# [SOLVED] microsoft lifechat lx-3000 microphone



## NathanW (May 2, 2012)

So I just bought the headset named in the thread title and straight out of the box I can't get the microphone to work even though the headphones work fine. I've been searching for a solution on the internet for the last hour and a half but can't find anything decent.

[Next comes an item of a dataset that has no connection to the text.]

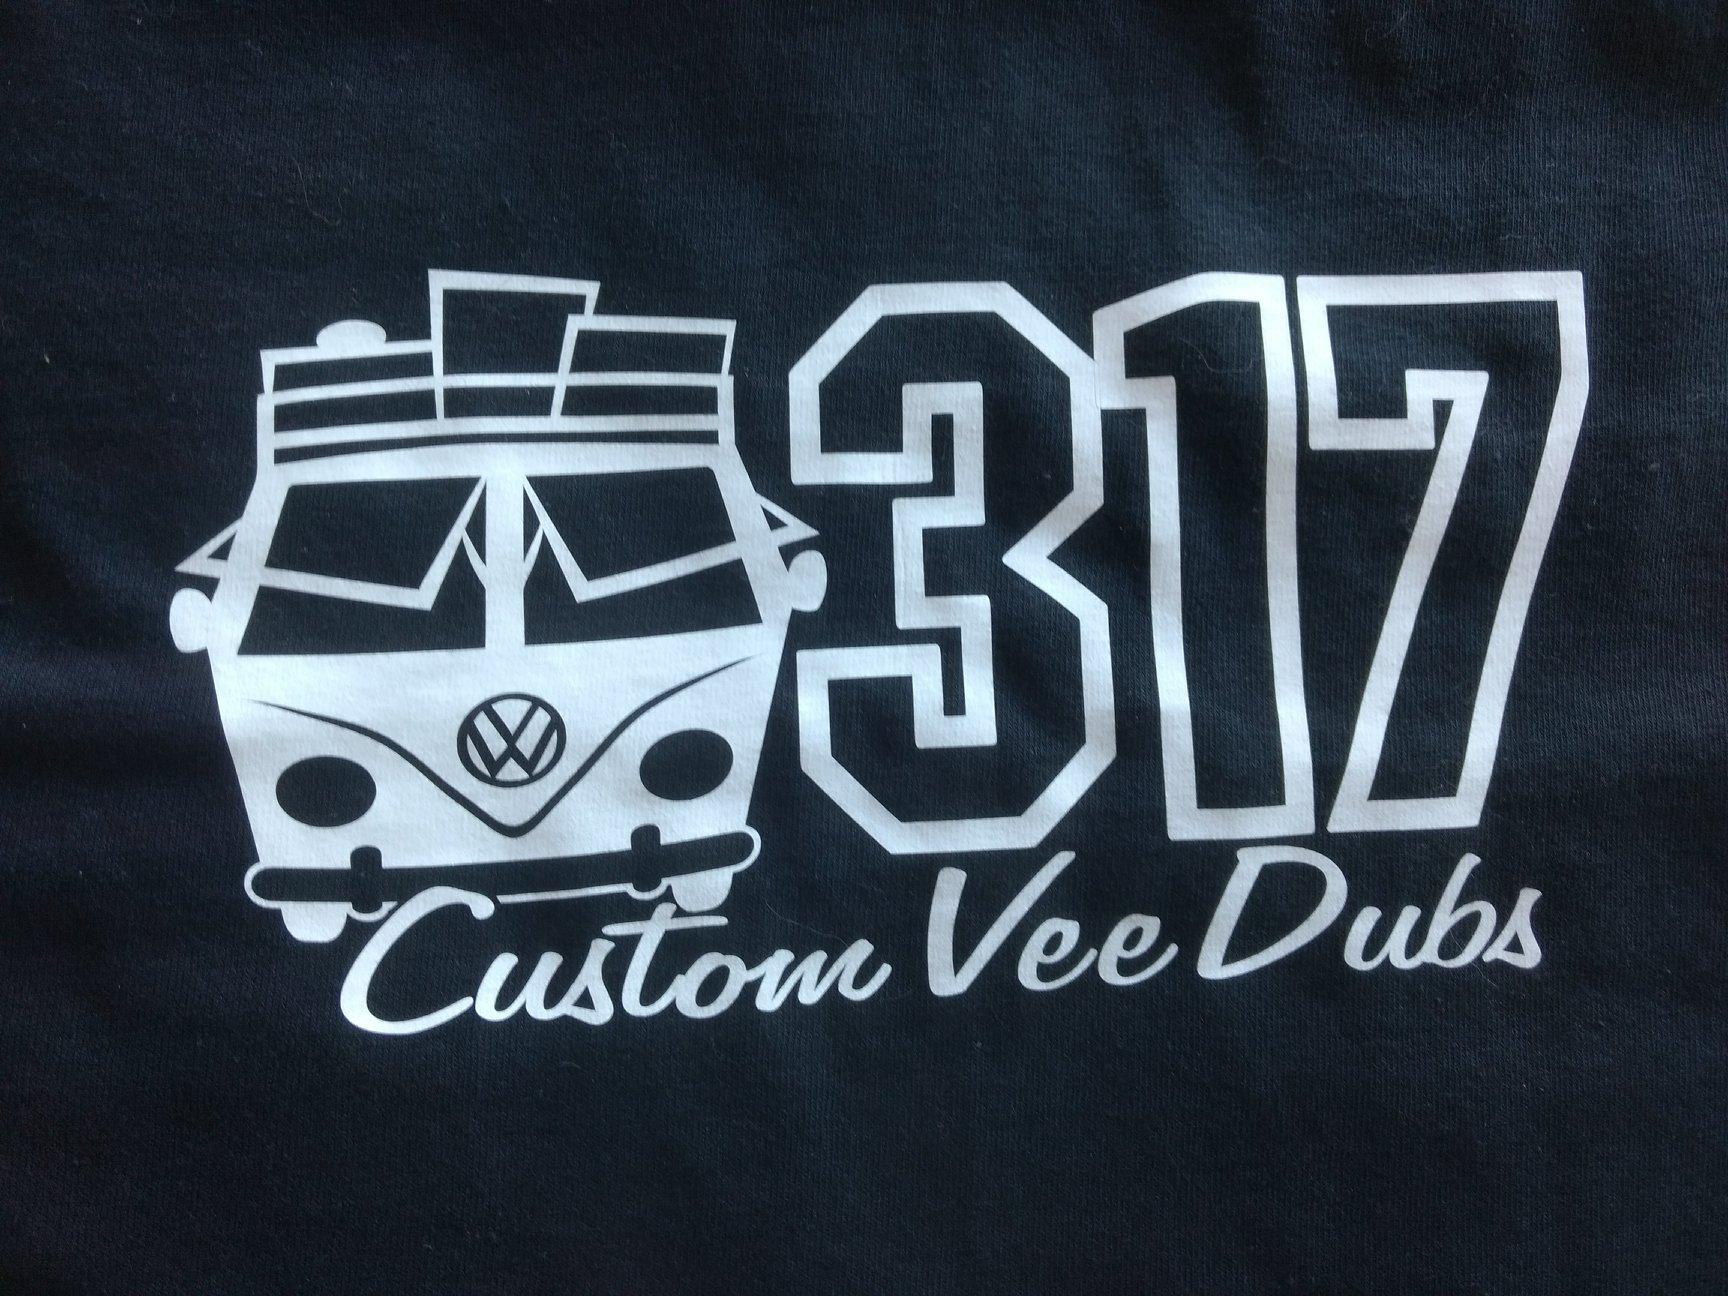 317 Custom Vee Dubs
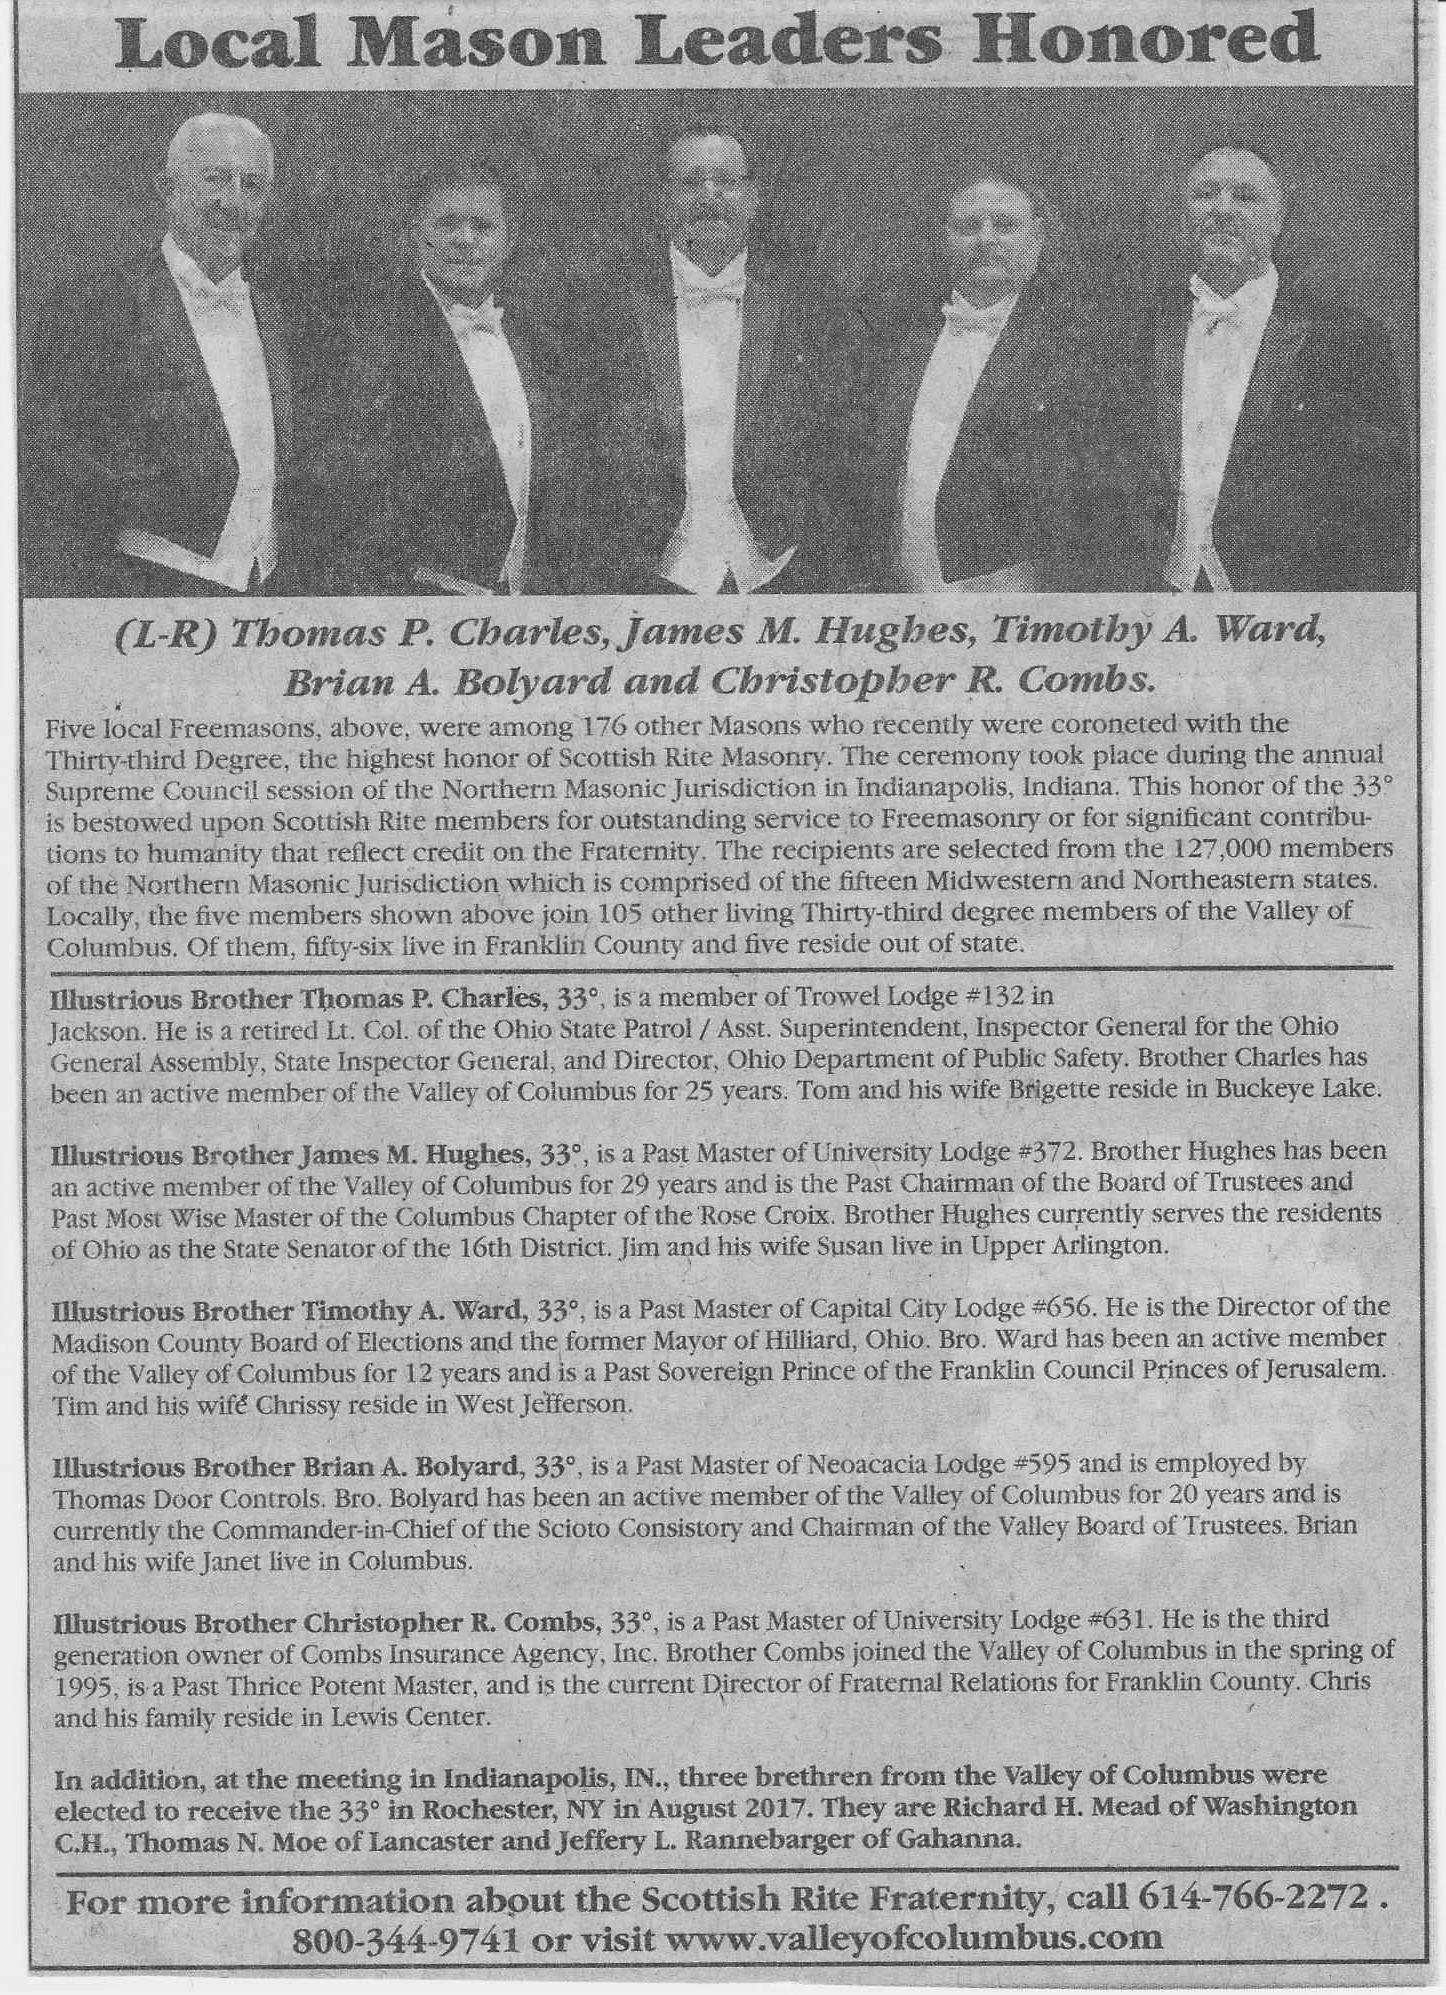 Local Scottish Rite Masons Receive 33rd Degree - Urania Lodge 311

I've downloaded the right drivers and played around with the settings in the control panel but nothing seems to work. And yes the mute button on the control box is off :wink:


----------



## Corday (Mar 3, 2010)

*Re: microsoft lifechat lx-3000 microphone*

You said you played around with the settings in the Control Panel. Did you set Headset Microphone in the Recording tab as the default?


----------



## NathanW (May 2, 2012)

*Re: microsoft lifechat lx-3000 microphone*

Yup I think i've done all the simple things that are available to do in the control panel and it makes no difference


----------



## Corday (Mar 3, 2010)

*Re: microsoft lifechat lx-3000 microphone*

There are other possibilities, but to make sure the mike isn't defective, see if installing the microsoft lifechat lx-3000 microphone in another computer. Another possibility, in the Device Manager, make sure the drivers you downloaded are actually the currently installed ones and if so. post back here so we can check against spec.


----------



## NathanW (May 2, 2012)

*Re: microsoft lifechat lx-3000 microphone*

I tried installing it on another computer and it didnt work there either. On my system it says its using driver version 6.1.7601.17514 and the website says lifechat 1.4. Not sure how im meant to tell theyre the same thing :ermm:


----------



## spunk.funk (May 13, 2010)

*Re: microsoft lifechat lx-3000 microphone*

If you downloaded the latest driver and install it on another computer and _then 
_plugged it in and it doesn't work then it needs to be returned.


----------



## NathanW (May 2, 2012)

*Re: microsoft lifechat lx-3000 microphone*

Yup I just did all of that and I think I'll have to accept they're not working. Thanks for the help anyway


----------